Henry Jones

Personal information
- Full name: Henry David Jones
- Born: 8 March 1989 (age 37) Kingston-upon-Thames, Greater London, England
- Height: 6 ft 7 in (2.01 m)
- Batting: Right-handed
- Bowling: Right-arm medium

Domestic team information
- 2008–2009: Loughborough UCCE

Career statistics
| Competition | First-class |
| Matches | 5 |
| Runs scored | 8 |
| Batting average | 2.66 |
| 100s/50s | –/– |
| Top score | 6* |
| Balls bowled | 546 |
| Wickets | 6 |
| Bowling average | 57.33 |
| 5 wickets in innings | – |
| 10 wickets in match | – |
| Best bowling | 4/57 |
| Catches/stumpings | 1/– |
- Source: Cricinfo, 16 August 2011

= Henry Jones (cricketer) =

English cricketer (born 1989)

Henry David Jones (born 8 March 1989) is an English cricketer.
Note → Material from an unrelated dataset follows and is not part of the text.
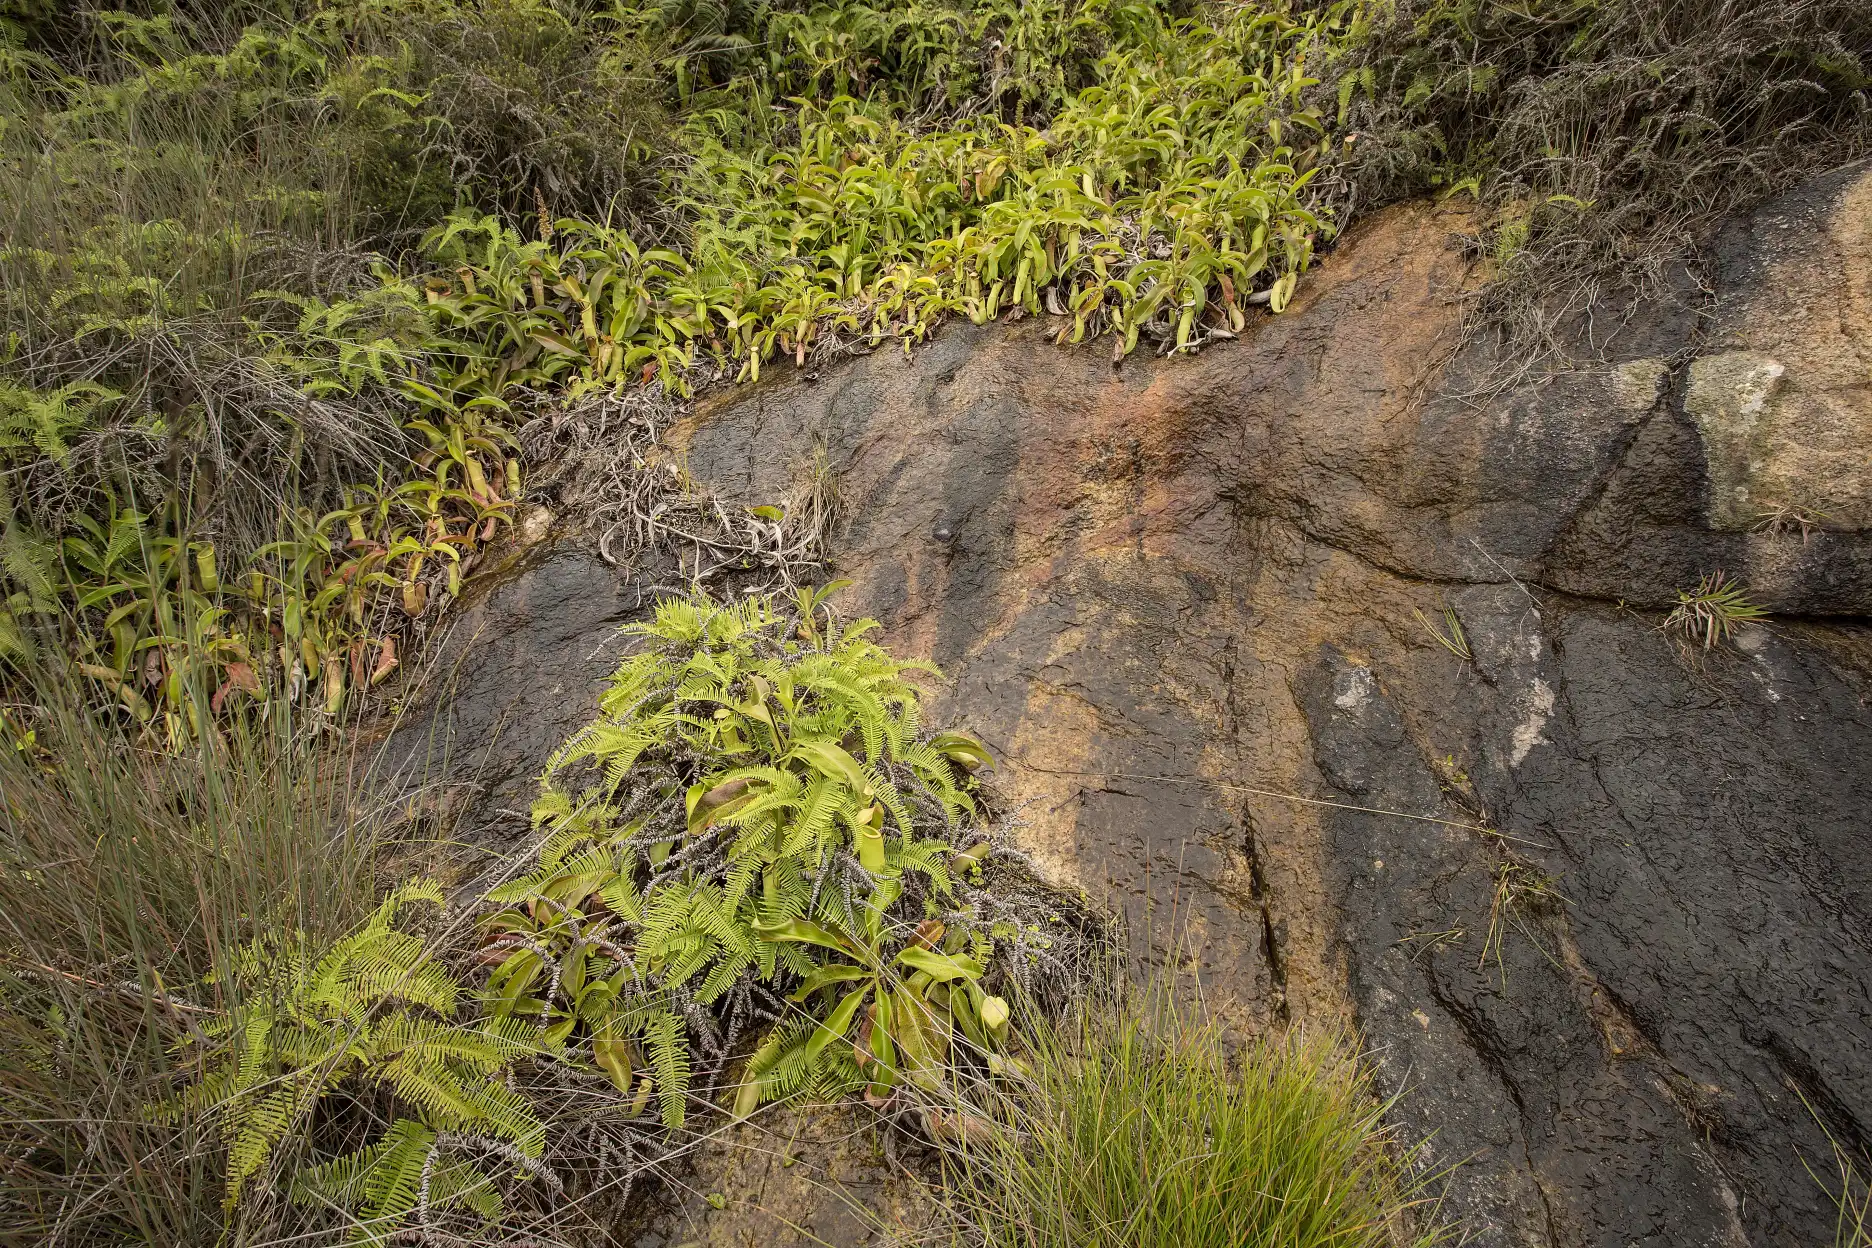 Nepenthes mirabilis grow on a hillside near Hac Sa in Coloane, Macau, China.

Jones is a right-handed batsman who bowls right-arm medium pace. He was born in Kingston-upon-Thames, Greater London and was educated at Caterham School.

While studying for his degree at Loughborough University, Jones made his first-class debut for Loughborough UCCE against Gloucestershire in 2008. He made four further appearances for the team, the last of which came against Hampshire in 2009. In his five first-class matches, Jones scored 8 runs at an average of 2.66, with a high score of 6 not out. With the ball, he took 6 wickets at a bowling average of 57.33, with best figures of 4/57.